The Boston Globe noted:

His “web of lies,” according to Assistant Middlesex District Attorney Verner, unraveled when he applied for prestigious Rhodes and Fulbright scholarships last fall using falsified credentials, including a fake transcript and work he plagiarized from a Harvard professor.

IPBiz notes that the irony of a Harvard student plagiarizing from a Harvard professor is sublime. However, this story confirms that when students get caught plagiarizing, really bad things happen. Wheeler did offer the typical plagiarist excuse:

When confronted with the plagiarism allegation, Wheeler allegedly said, “Ah, I must have made a mistake. I didn’t really plagiarize it,” Verner said.

Boston Globe story: Bail set at $5K in alleged Harvard student scam

A secondary story here is that Wheeler was awarded a Hoopes Prize in the spring of 2009 for a project that he had completed during his junior year. The Harvard Crimson story [Former Harvard Student Indicted For Falsified Applications, Identity Fraud ], and comments thereto, suggest issues here. One comment-->

If I recall correctly, the Hoopes prize goes to both the student and his or her faculty adviser. Assuming Wheeler's piece was fabricated or plagiarized, his adviser was sloppy. Anybody know the topic of his research, or what faculty member oversaw the work?

Another comment-->

According to this Boston Globe article (http://www.boston.com/news/local/breaking_news/...), Wheeler did indeed plagiarize portions of his thesis. While this oversight is sloppy on the part of his graduate student advisor, I'm also shocked neither of his thesis readers caught it or the Hoopes Prize committee.
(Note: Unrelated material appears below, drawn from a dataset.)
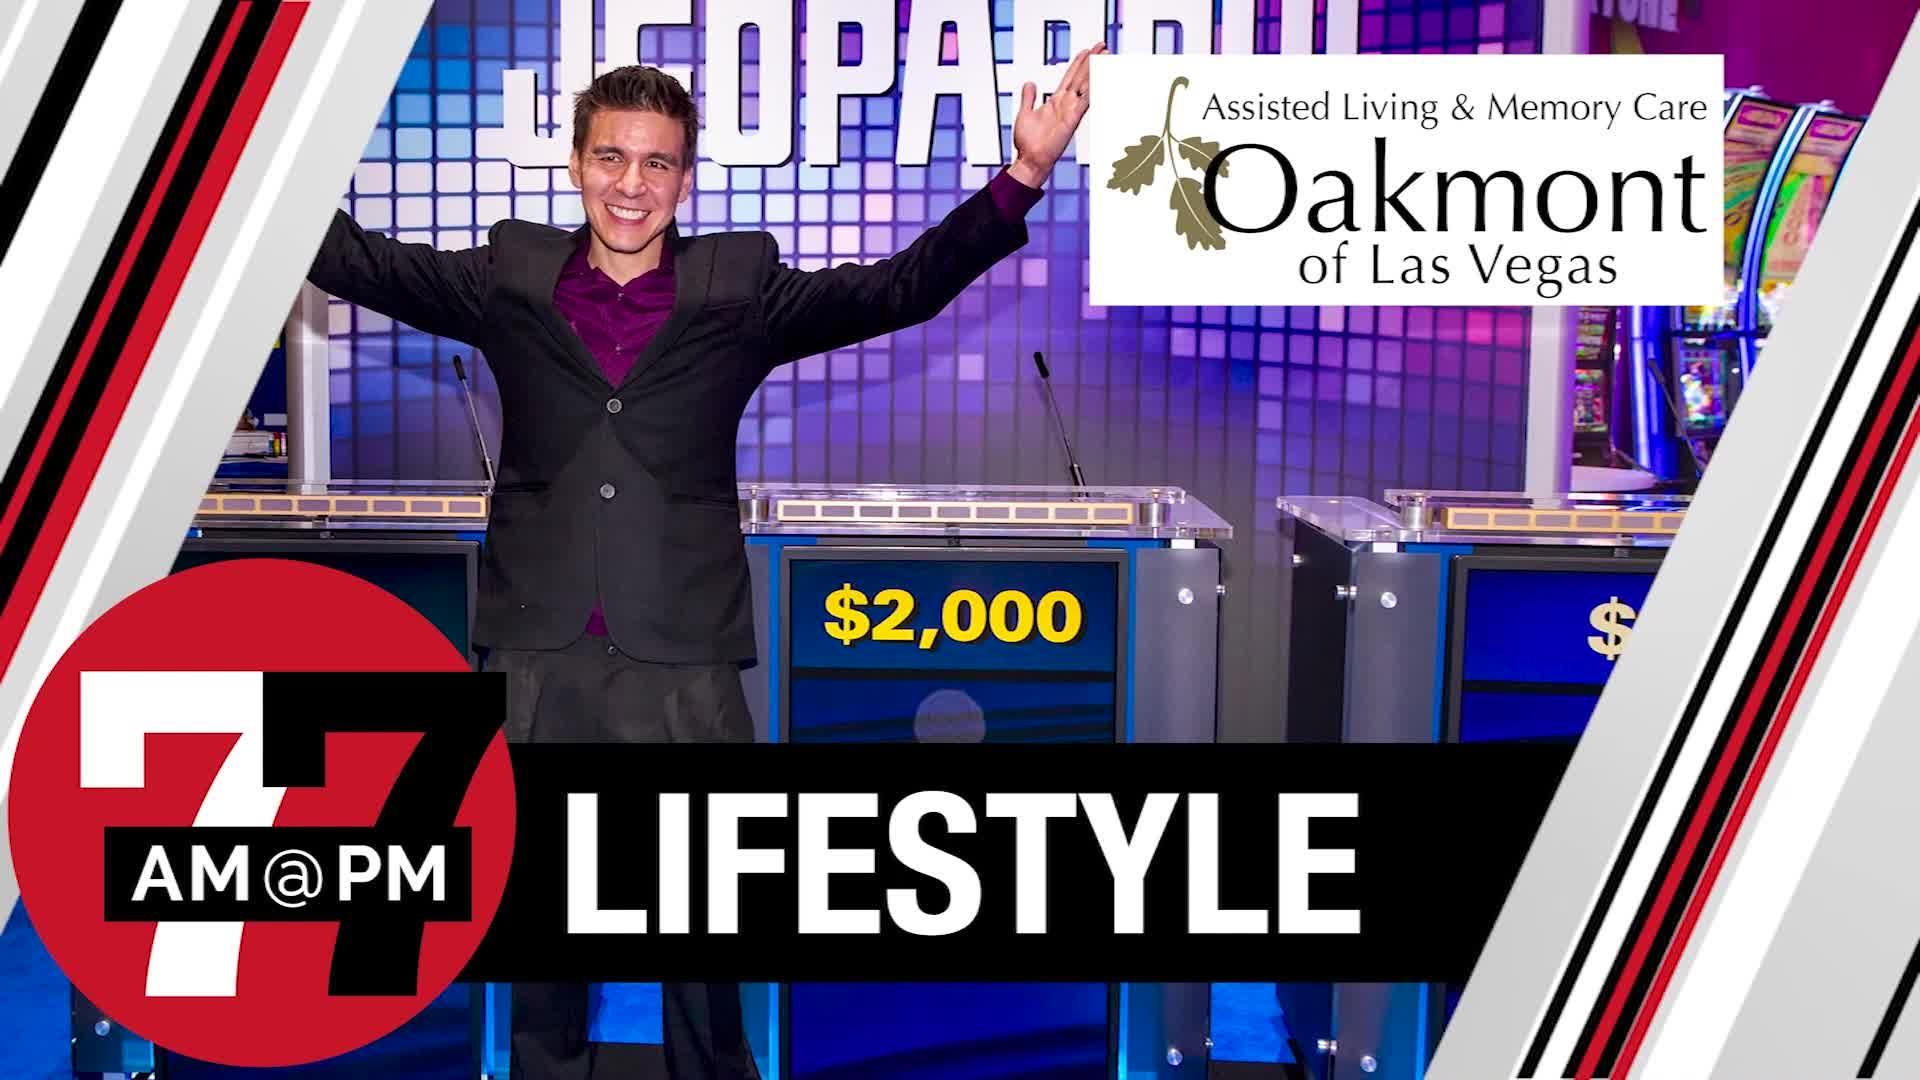 7@7PM 128K Win on Usher-Branded Poker Table

Makes you wonder.

From the list of 2009 Thomas Temple Hoopes Prize Winners -->

Wheeler, Adam for his submission entitled "The Mapping of an Ideological Demesne:
Space, Place, and Text From More to Marvell" - nominated by Ms. Suparna
Roychoudhury

The Daily Beast (once home to plagiarist Gerald Posner) noted that Wheeler leveraged his Prize:

One of the places he applied—the political magazine The New Republic—has gone ahead and made his resume public. Its claims include that he is currently writing or in contract to write six different books; that he speaks French, Old English, Classical Armenian, and Old Persian; that he has a 4.0 GPA; and that he was the first non-senior to ever win the Thomas T. Hoopes Prize from Harvard.

**Pretending to hold a degree a chargeable offense?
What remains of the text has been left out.